Rhee ChIP-exo Analysis

Rhee, H. S., Bataille, A. R., Zhang, L., & Pugh, B. F. (2014). Subnucleosomal Structures and Nucleosome Asymmetry across a Genome. Cell, 159(6), 1377–1388. doi:10.1016/j.cell.2014.10.054

cell_2014_rhee_pugh.pdf

Summary: Paired-end ChIP-exo of H2A, H2B, H3, and H4 throughout the S. cerevisiae genome. Also ChIP-exo on H3K4me3, H3K79me2/3, H3K36me3, H3K9ac, H2Bub, H2A.Z.

NCBI Data Deposition: http://www.ncbi.nlm.nih.gov/bioproject/PRJNA178297
SRA Experiments from this paper: SRA059355
SRX Experiment SRX655410: ChIP-exo histones 3

ChIP-exo Histone H3 (Biological Replicate 2): SRR1517820

Data Analysis

Download the SRA for SRR157820 (paired-end ChIP-exo), extract to two fastq files (R1 and R2) by the command:

fastq-dump --split-3 SRR157820.sra

Take a look at the following sample read fragment schematic: read_seq_explanation.png

Since lambda exonuclease is direction-specific (only digests single-strand in 5' -> 3' direction, take a look at Figure 1A from their initial paper Cell_2011_Rhee_Pugh.pdf), the 5' end of the read is the protein-DNA boundary
In single-end ChIP-exo, the 5' edge of the read is the boundary position, irrespective of whether the read aligns to the positive or negative strand
In paired-end sequencing, typically we don't care about the strand alignment (forward or reverse) of the "R1 read"; however, in paired-end ChIP-exo, the 5' edge of the read corresponding to the protein-DNA boundary is the "R1 read". Here, the "R2" read is just used for additional "mapping" quality. (Note: This is what I think to be true, I'm actually not entirely sure since they don't say in their methods. If your plot doesn't match up with their plot, this could be the reason why).
Thus, after paired-end alignment, the reads should be filtered so that only the read alignments corresponding to the "R1 reads" are kept. This can be accomplished during the conversion from SAM -> BAM by the following command:
samtools view -b -S -h -f 64 -o <bam_file_name>.bam <bowtie_output>.sam

Basically we want to first create a plot around the TSS sites with H3, to see if we can recreate their Figure 1A, 3rd panel from left.

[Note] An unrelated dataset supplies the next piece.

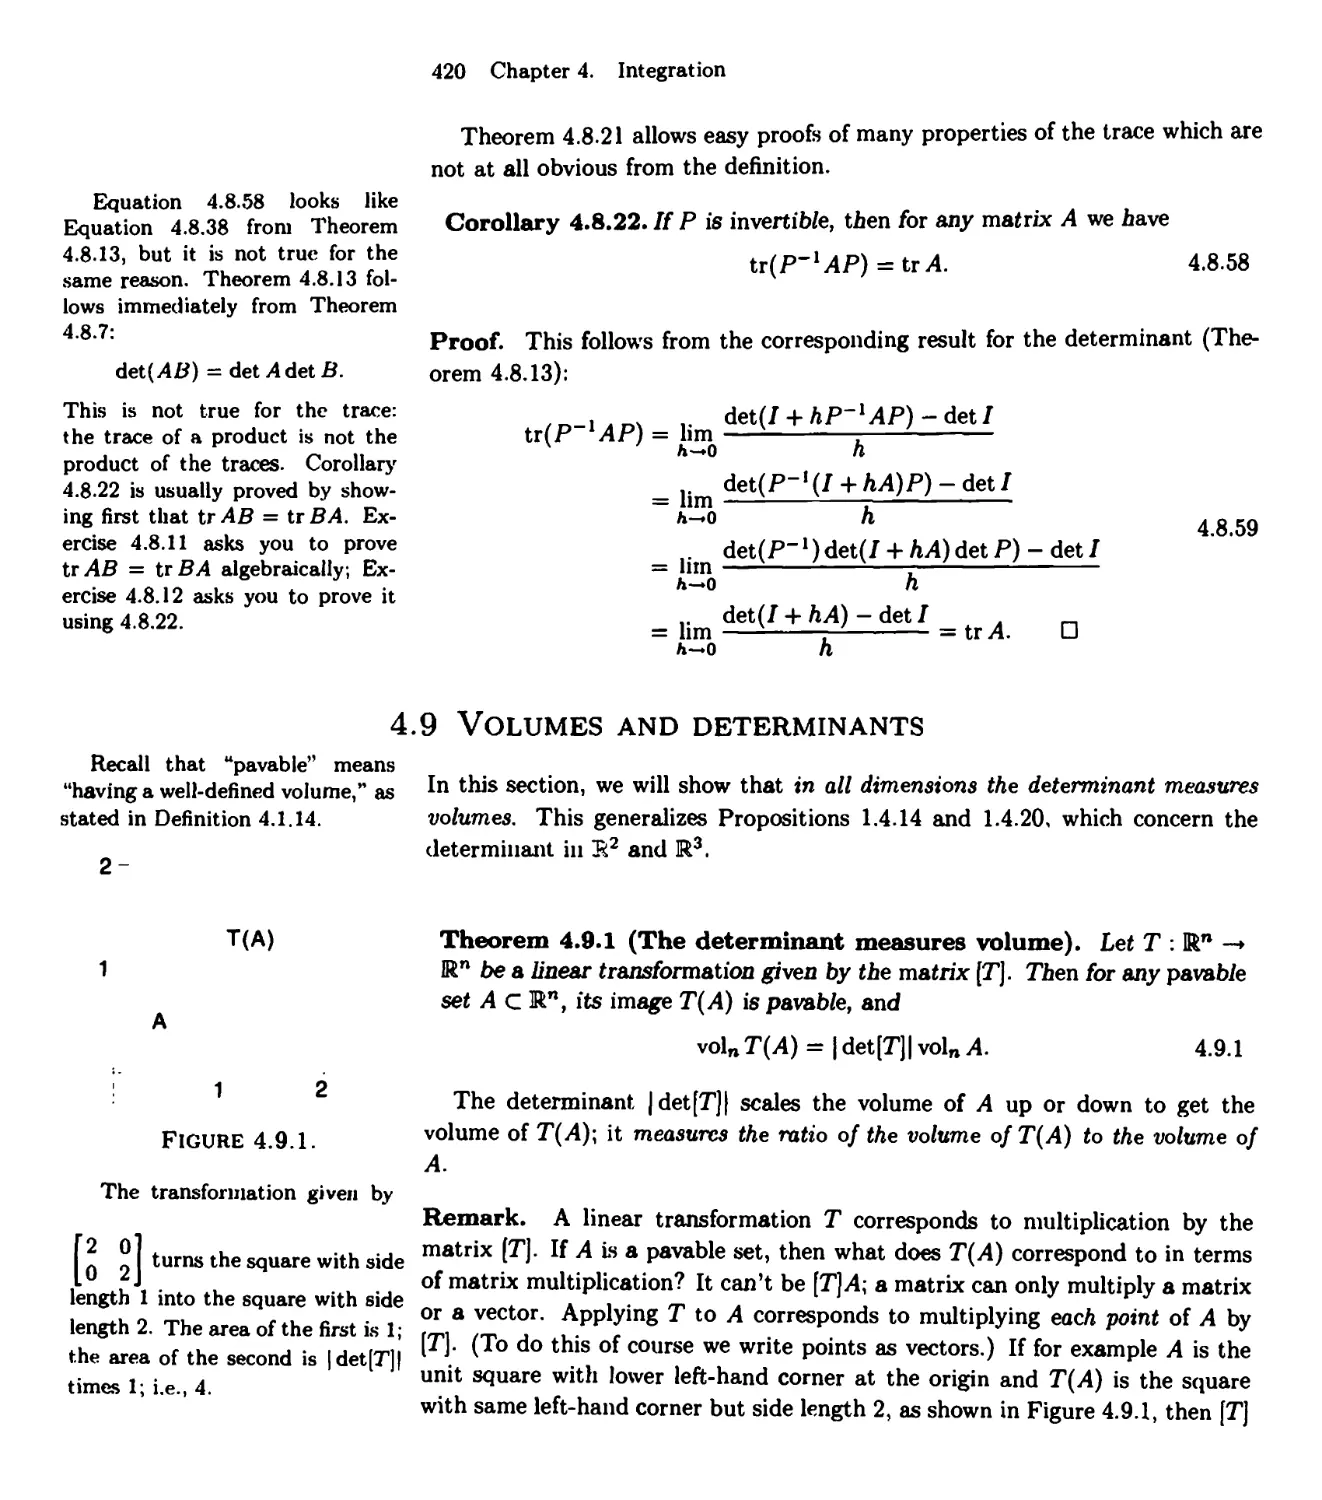 4.9 Volumes and Determinants

I recreated that figure using their published data from Supplementary Table S2 (H3 worksheet). Here's what it looks like (2014_cell_rhee_pugh_figure_1A_h3.png). Note that these genes were pre-ordered by H3 occupancy level at the +1 nucleosome (not something that you have to do).

You can find a list of the TSS positions from this CSV file on alchemy:
/data/illumina_pipeline/scripts/feature_files/yeast/gene_tables/xu_tss_sites_david_async_roberts_g1_alpha_expr.csv

Try to recreate this plot around the TSSs from that feature file. Remember that you're going to have to "flip" the genes that are on the negative strand, since we want the direction of transcription to always be from left-to-right in these plots. Just plot the 5' end of each read from the R1 file as above (remember to follow the read_seq_explanation.png, the SAM alignment position of forward strand reads is the 5' position, but the SAM alignment position of reverse strand reads have to be shifted by the read sequencing width (40 bp here) downstream to get the 5' position).